Overview
In Kerio Control, you can choose to synchronize the appliance time to NTP servers. The NTP client in Kerio Control will query the NTP server every 12 hours, and comply with the below logic:
- Sync frequency: if time was successfully synchronized, a new sync will be started after 12 hours
- Failed sync: if the sync failed, it will be retried after 1 hour
- Sync timeout: if the call to the NTP server takes more than 1 minute, Kerio Control will treat that as a failed sync attempt, and retrigger after 1 hour
In some isolated situations, you may need to query the NTP servers more frequently than the 12-hour hardcoded frequency.
Solution
There is no option in the web admin GUI or winroute.cfg to control the frequency or timeout. Therefore, when you need to adjust these, you can create a cronjob that will force the NTP sync per your requirement. Follow the below steps to do so
- Log in to Kerio Control using SSH.
- Execute the following command to switch the disk to read-write mode:
-
mount -o rw,remount /
-
- Use
nano
command to create a cronjob file:
nano /etc/cron.d/ntpsync
- You can use 2 different commands for the same purpose, so please choose one depending on the restrictions that you may have (both of them work in the exact same way)
-
rdate command: uses the RFC 868 TCP protocol by default, and it is considered an older method of time syncing. If you want to use rdate, use the below to create a cronjob that runs every 4 hours against specific time servers (like time.nist.gov)
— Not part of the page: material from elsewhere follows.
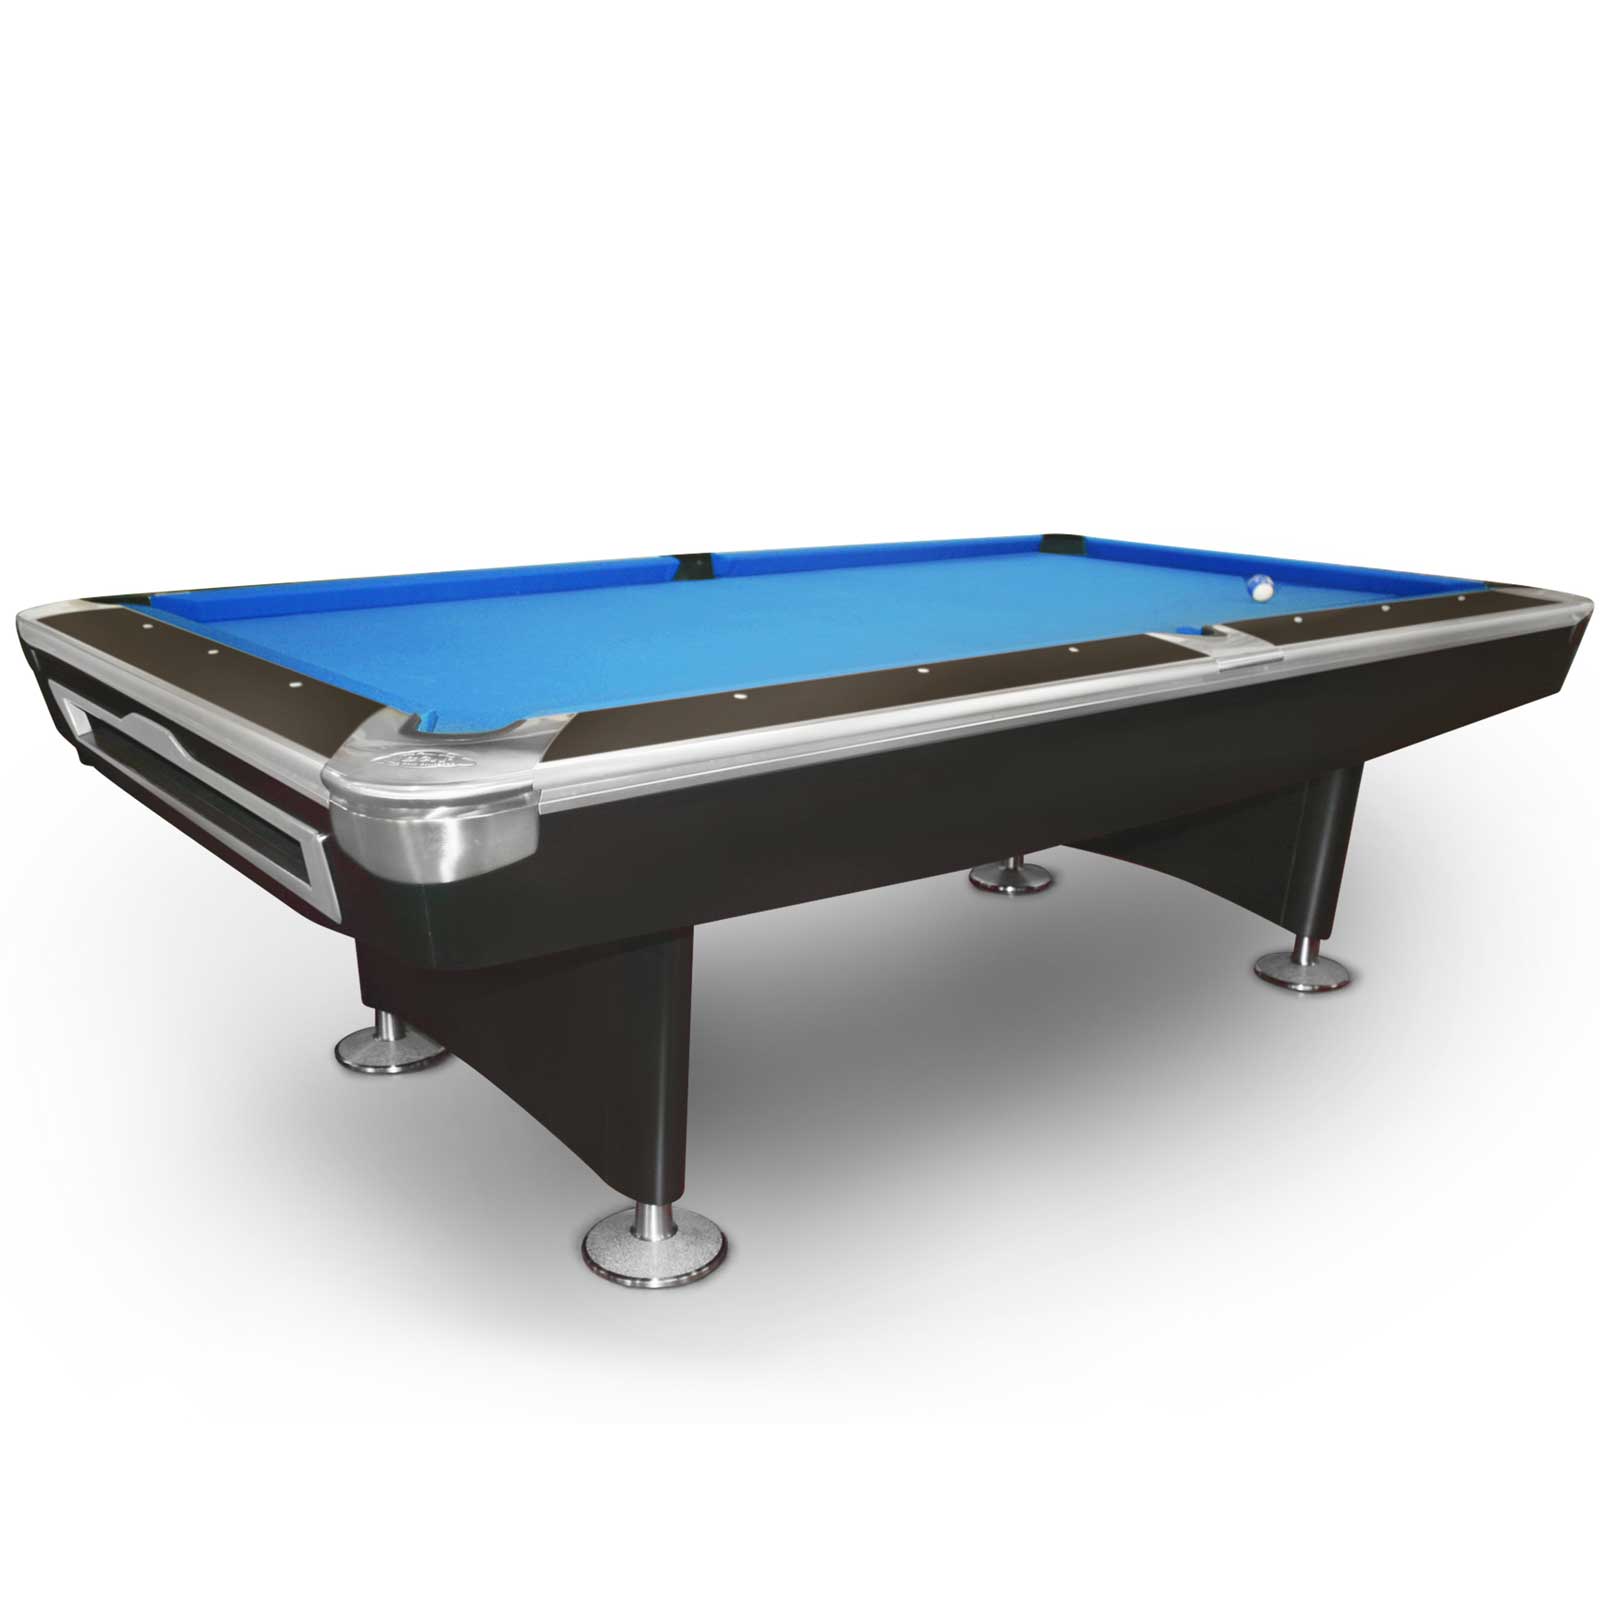 9 Foot Slate American Styled Billiards 9 Ball Table - Black body with Blue felt

SHELL=/bin/sh PATH=/usr/local/sbin:/usr/local/bin:/usr/sbin:/usr/bin:/sbin:/bin MAILTO="" 0 */4 * * * root rdate -s time.nist.gov
-
ntpclient command: uses the Network Time Protocol (NTP) which operates on UDP port 123, can check multiple remote peers and is considered more modern and recommended for this task. If you want to use ntpclient, use the below to create a cronjob that runs every 4 hours against specified NTP servers:
SHELL=/bin/sh
PATH=/usr/local/sbin:/usr/local/bin:/usr/sbin:/usr/bin:/sbin:/bin:/etc
MAILTO=""
0 */4 * * * root ntpclient -s -h pool.ntp.org
-
rdate command: uses the RFC 868 TCP protocol by default, and it is considered an older method of time syncing. If you want to use rdate, use the below to create a cronjob that runs every 4 hours against specific time servers (like time.nist.gov)
- Save the file by pressing CTRL + W and reboot Control.
/etc/boxinit.d/60winroute restart
Summary
Time synchronization issues can be resolved by setting up a cronjob to automatically sync the time with a reliable server. This can be done by logging into Kerio Control using SSH, switching the disk to read-write mode, creating a cronjob file, and rebooting Control.
FAQ
-
What does the `/4` in the cronjob mean?
The `/4` in the cronjob means the command will run every 4 hours. -
What does the command `mount -o rw,remount /` do?
This command switches the disk to read-write mode, allowing you to make changes. -
What is the difference between rdate and ntpclient?
rdate: Simple one-time time retrieval, basic accuracy, not suitable for high-precision needs. (Think of it as checking your watch with a single clock occasionally.)
ntpclient: Continuous synchronization with multiple servers, highly accurate and reliable for critical systems. (Think of it as constantly adjusting your watch based on multiple, precise time sources.)